A expectativa de vida elevada leva a doenças até então não muito comuns e ainda sem muita explicação, como o Alzheimer, fragilidade, diabetes, hipertensão e problemas dermatológicos. Quanto mais pessoas dentro dessa faixa etária acima dos 60, maior a incidência de problemas gerados pelo envelhecimento do corpo. Mais uma vez: prevenção é o melhor remédio.

Dentro desse grupo estão os quadros conhecidos como Gigantes da Geriatria: instabilidade, incontinência, iatrogenia (efeitos de medicamentos), imobilidade e insuficiência. Muitos não podem ser evitados, mas podem ser retardados.

No caso dos problemas de visão, por exemplo, a Organização Mundial de Saúde (OMS) acredita que 80% de todas as deficiências visuais podem ser evitadas ou curadas. Isso depende, em grande parte, de controlar diabetes e hipertensão. Já essas doenças dependem de uma combinação de dieta, exercícios físicos e alguns medicamentos para que não saiam do controle.

NUNCA É TARDE

Vanessa lembra que, quanto antes, melhor. Mas nunca é tarde para começar. “A maioria dos meus pacientes chega ao consultório quando já passou dos 70 anos e tem algum problema de saúde, mas, mesmo assim, a primeira indicação é que eles se movimentem”, revela. “Andar dentro de casa, eliminando, antes, os riscos de queda, que é perigosíssima para eles, caminhar no bairro, fazer atividades domésticas já são benéficas, e mesmo quem está na cadeira de rodas ou acamado pode se mexer, fazendo alongamentos ou exercícios com os braços”, completa a médica.

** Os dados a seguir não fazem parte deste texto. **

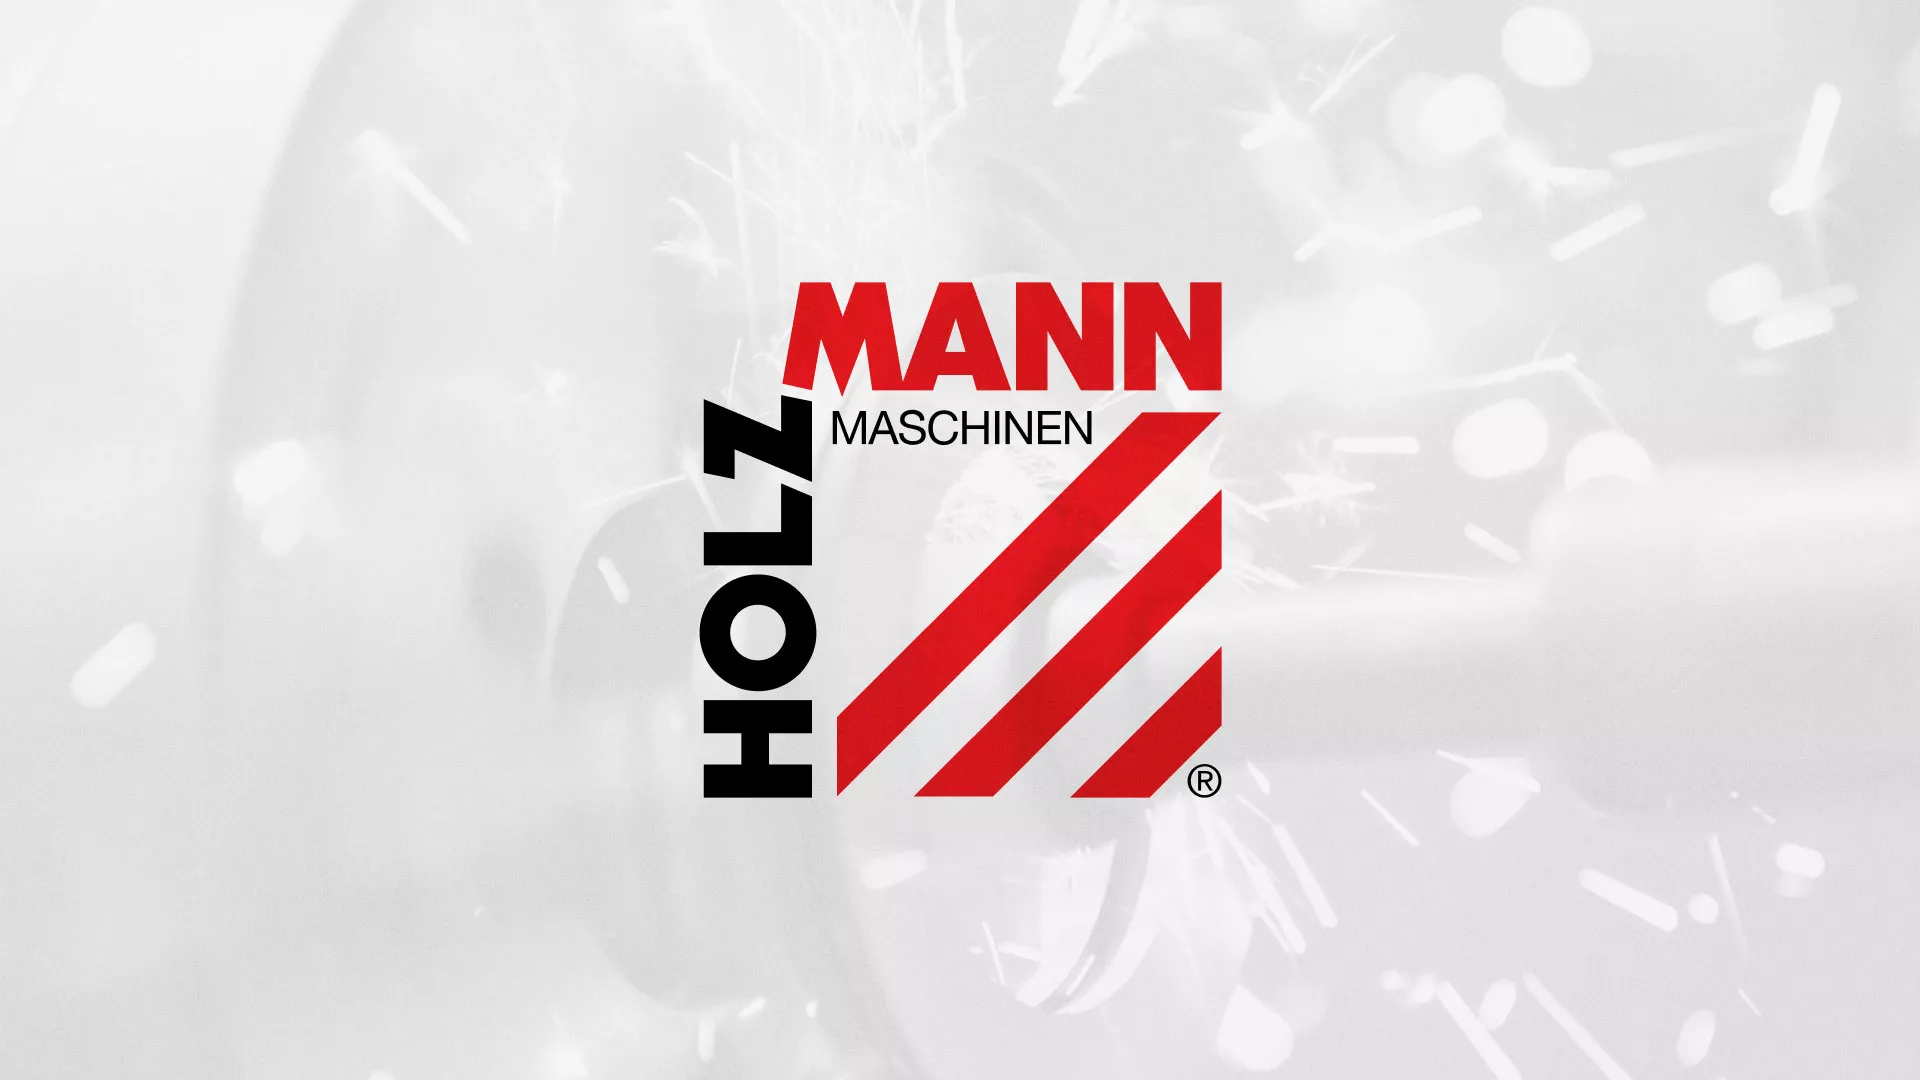 Создание сайта компании «HOLZMANN Maschinen GmbH» в Орехово-Зуево

Há estudos atuais que comprovam a ligação de atividades físicas com o combate ao Alzheimer. “Além de prevenir infarto e AVCs, como já é sabido, exercícios ajudam na prevenção do Alzheimer graças à necessidade de raciocínio e também de substâncias liberadas durante a prática, isso independente da idade”, explica a geriatra.

Em resumo, mesmo quem já tem alguma limitação física ou alguma demência pode e deve se exercitar e cuidar da dieta. “De 7 a 10 dias é o tempo suficiente para que um hábito se incorpore à vida de qualquer pessoa, então é preciso ser persistente e buscar sempre um especialista que dê boas orientações”, conclui Vanessa.